Start of Data excerpt

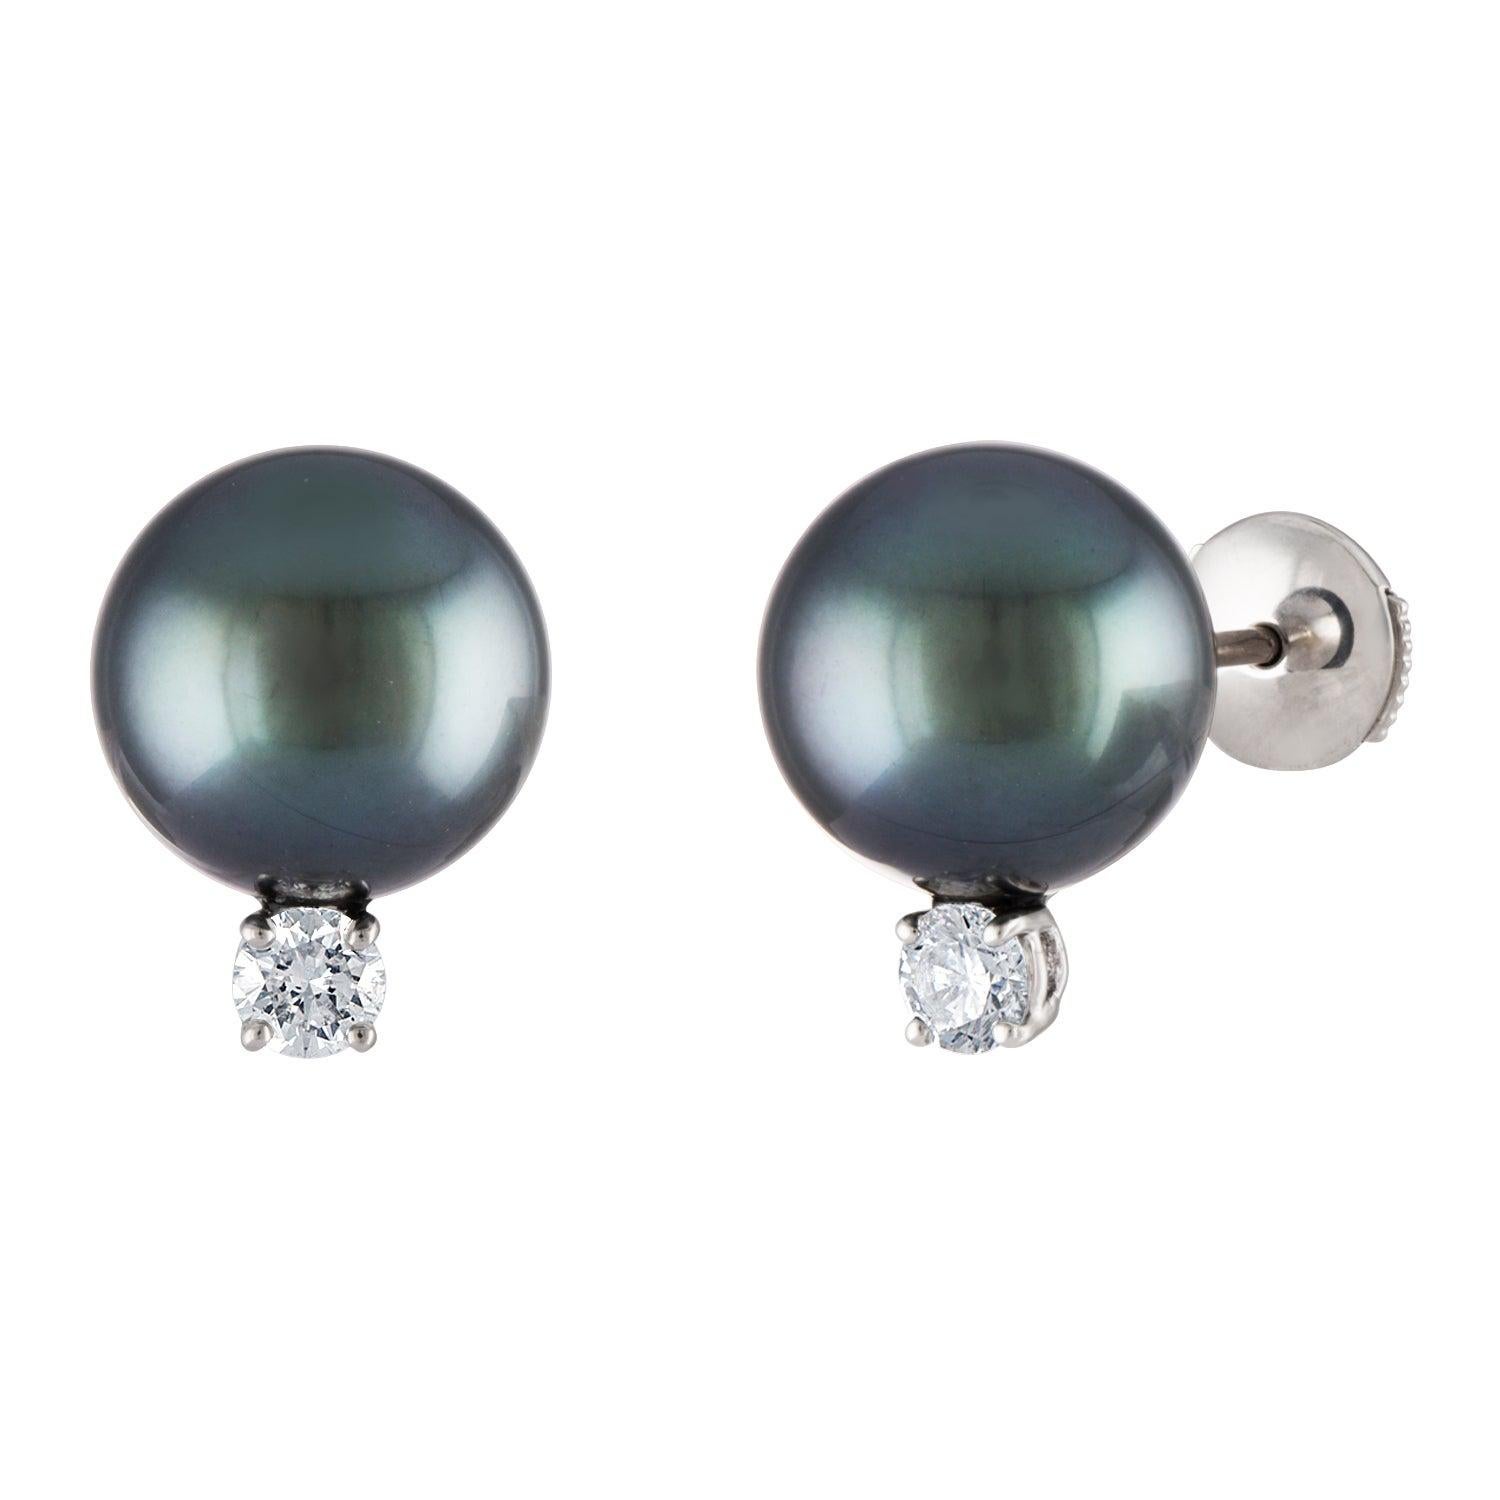 These classic South Sea Tahitian pearl earrings feature round 10.5mm pearls atop 0.20 total carats of diamonds. The earrings are set on 14 karat white gold. 
Perfect for weddings, anniversaries, birthdays and graduations. Symbolizing purity and
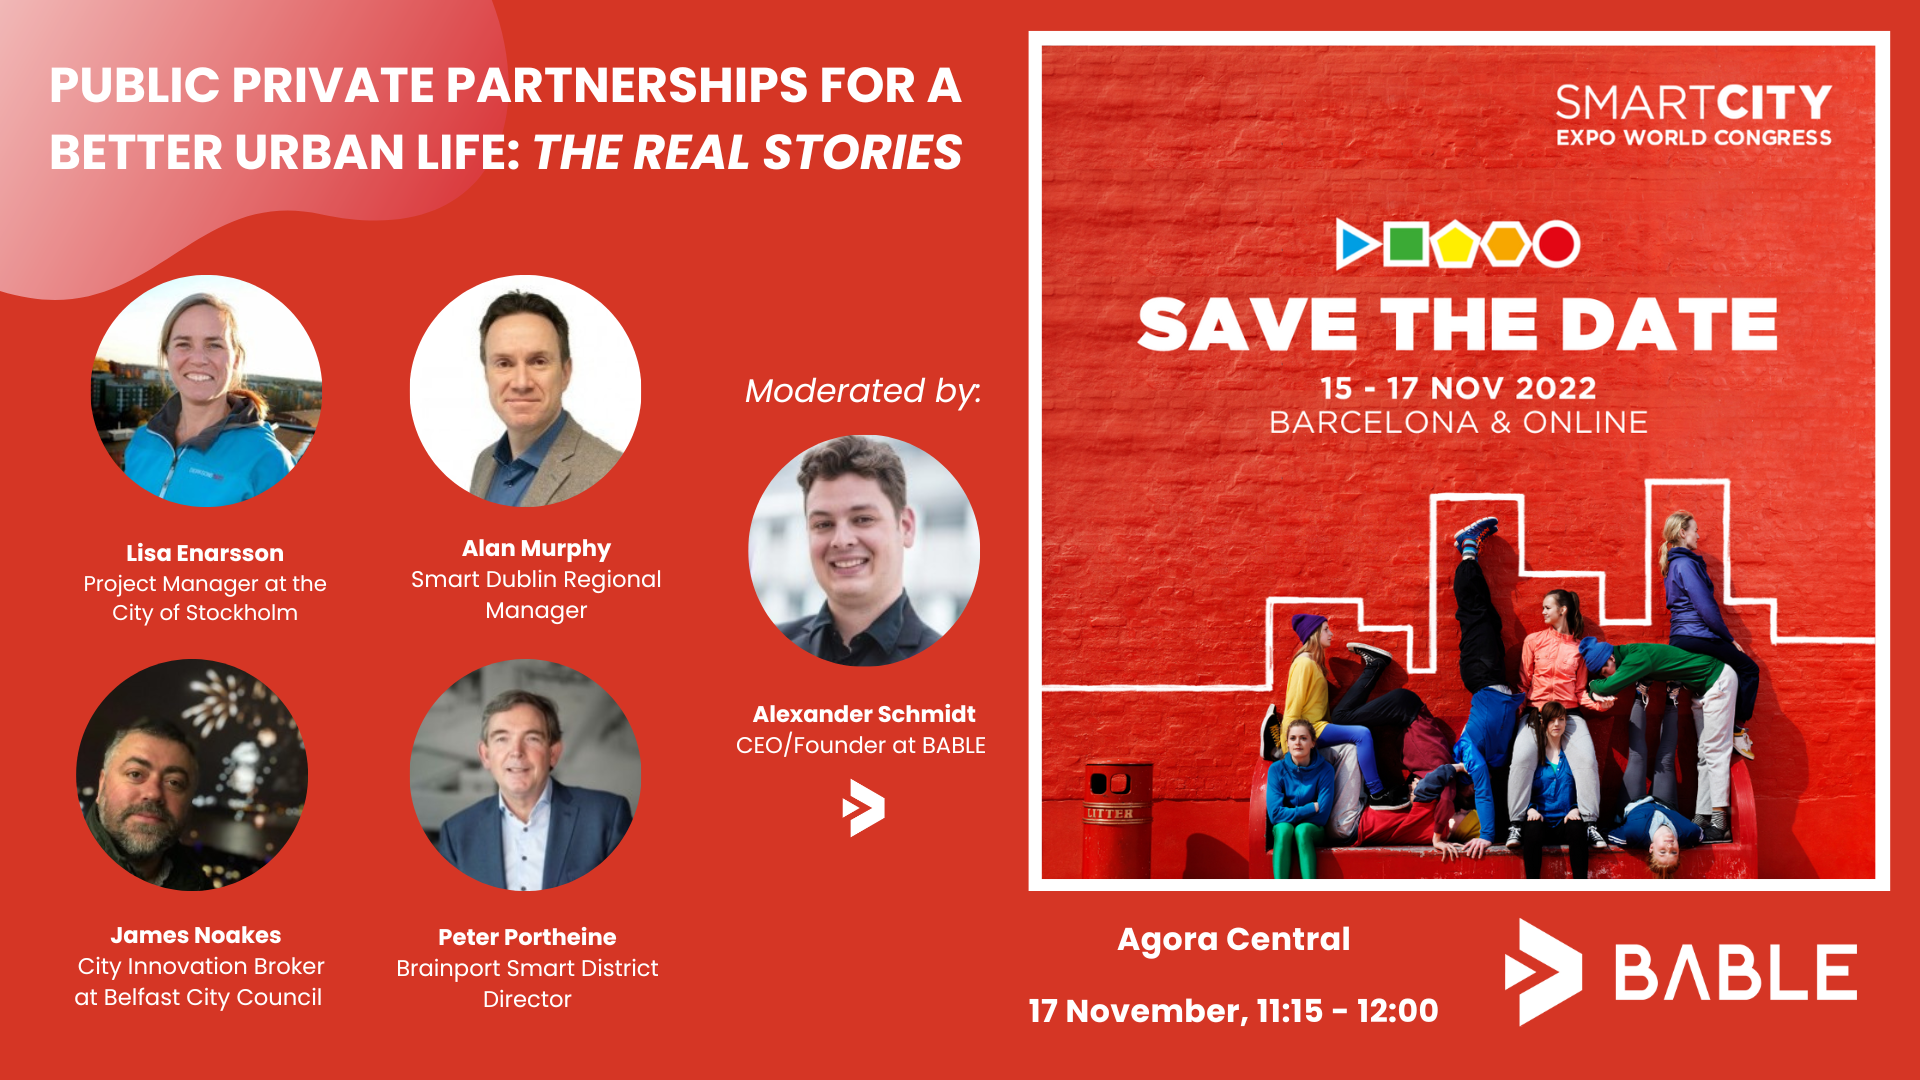 Public Private Partnerships for a Better Urban Life: The Real Stories  #SCEWC22

End of Data excerpt

* _Action item_: Your copy should match the data above exactly, apart from the pictures.

* _Answer below_:
 These classic South Sea Tahitian pearl earrings feature round 10.5mm pearls atop 0.20 total carats of diamonds. The earrings are set on 14 karat white gold. 
Perfect for weddings, anniversaries, birthdays and graduations. Symbolizing purity and
 Public Private Partnerships for a Better Urban Life: The Real Stories  #SCEWC22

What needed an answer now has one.